On the 02 3.5 SE, if the car has power seats are both front seats supposed to be power? or only the drivers?


----------



## Rocknik (Nov 18, 2004)

Rocknik said:


> On the 02 3.5 SE, if the car has power seats are both front seats supposed to be power? or only the drivers?


19 views and no reply... noone here has an 02 3.5 se with power seat(s) ???


----------



## RebelinRI (Nov 9, 2004)

Ok..... I'll go first. I have a power seat on my 02 SE. The passengers seat has no power. This is the way I got it from the dealer and they said it had drivers power "seat". I have never seen two power seats in an Altima but what do I know! Maybe I'm wrong. Ask you local dealer.

AMF

Rebel


----------



## Rocknik (Nov 18, 2004)

RebelinRI said:


> Ok..... I'll go first. I have a power seat on my 02 SE. The passengers seat has no power.
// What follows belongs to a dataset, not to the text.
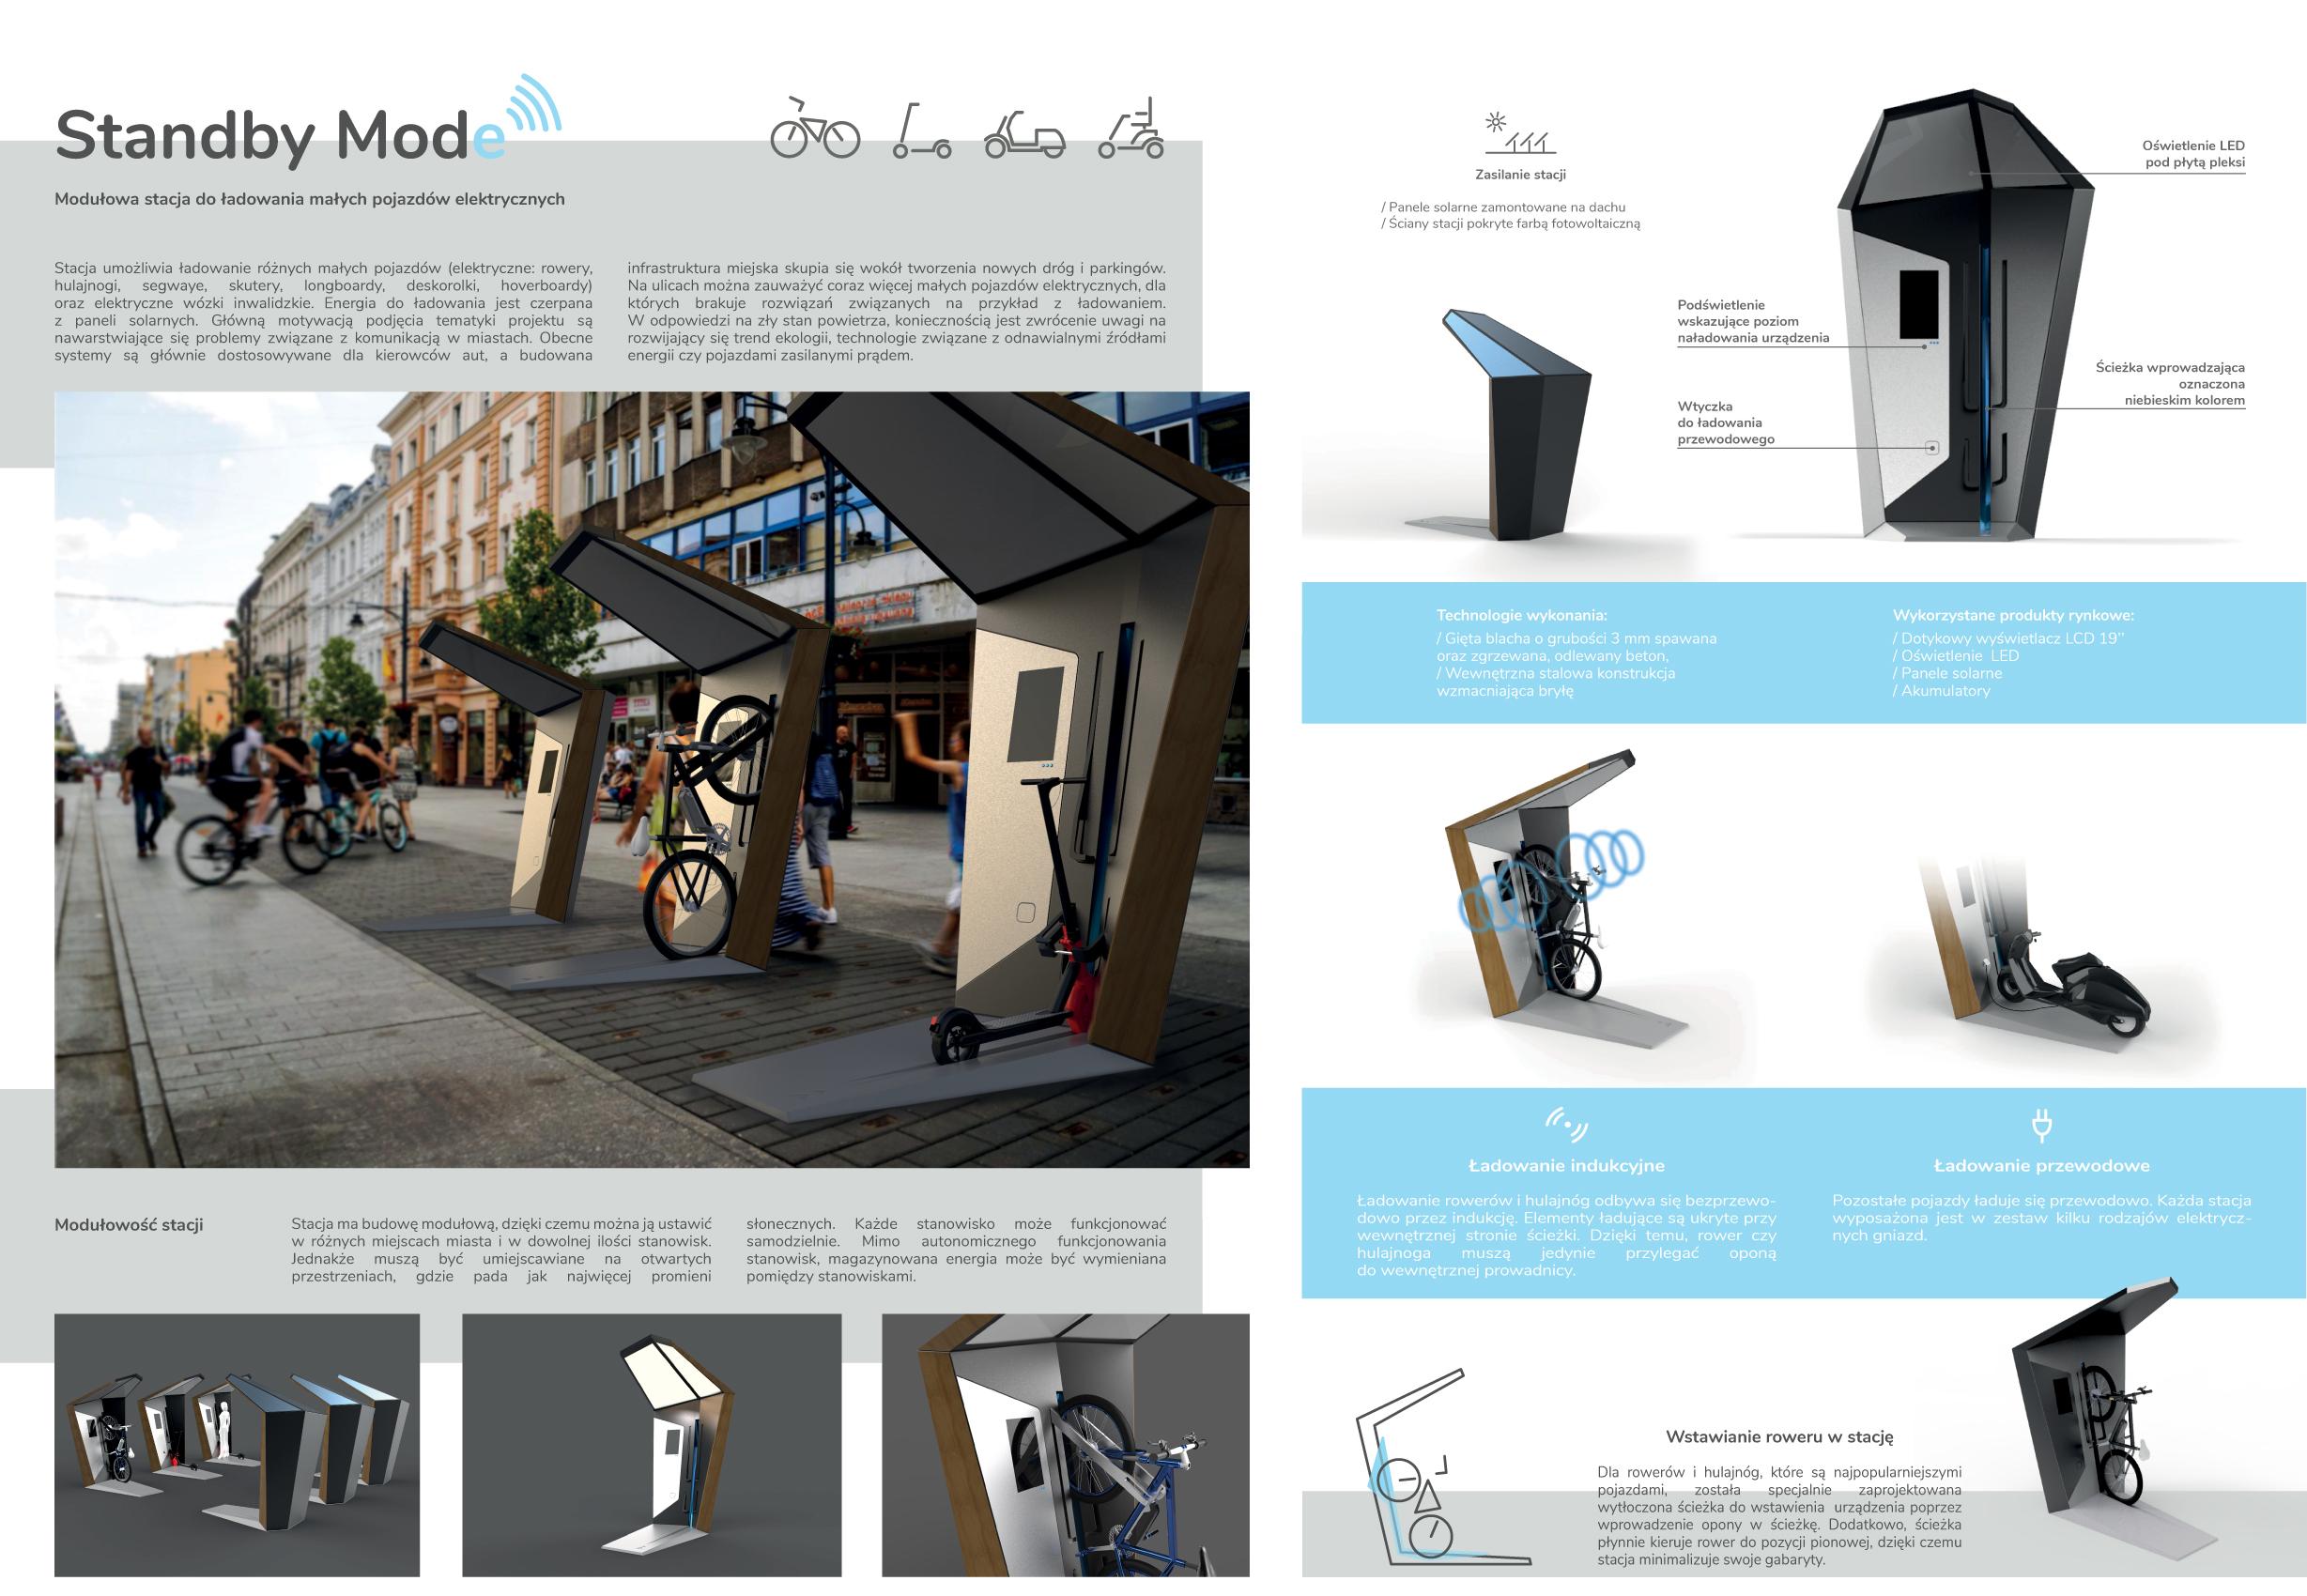 Standby Mode. Modułowa stacja do ładowania małych pojazdów elektrycznych

This is the way I got it from the dealer and they said it had drivers power "seat". I have never seen two power seats in an Altima but what do I know! Maybe I'm wrong. Ask you local dealer.
> 
> AMF
> 
> Rebel


No, thats great cause i bought my car used (private seller) and wasn't sure.. 
Thanks for the help..


----------



## Chokeu (Nov 7, 2003)

I have a 03 Alty 3.5 and it is fully loaded with leather int. and such. It has only a power drivers seat as well. I wish it came with a power passenger seat too!


----------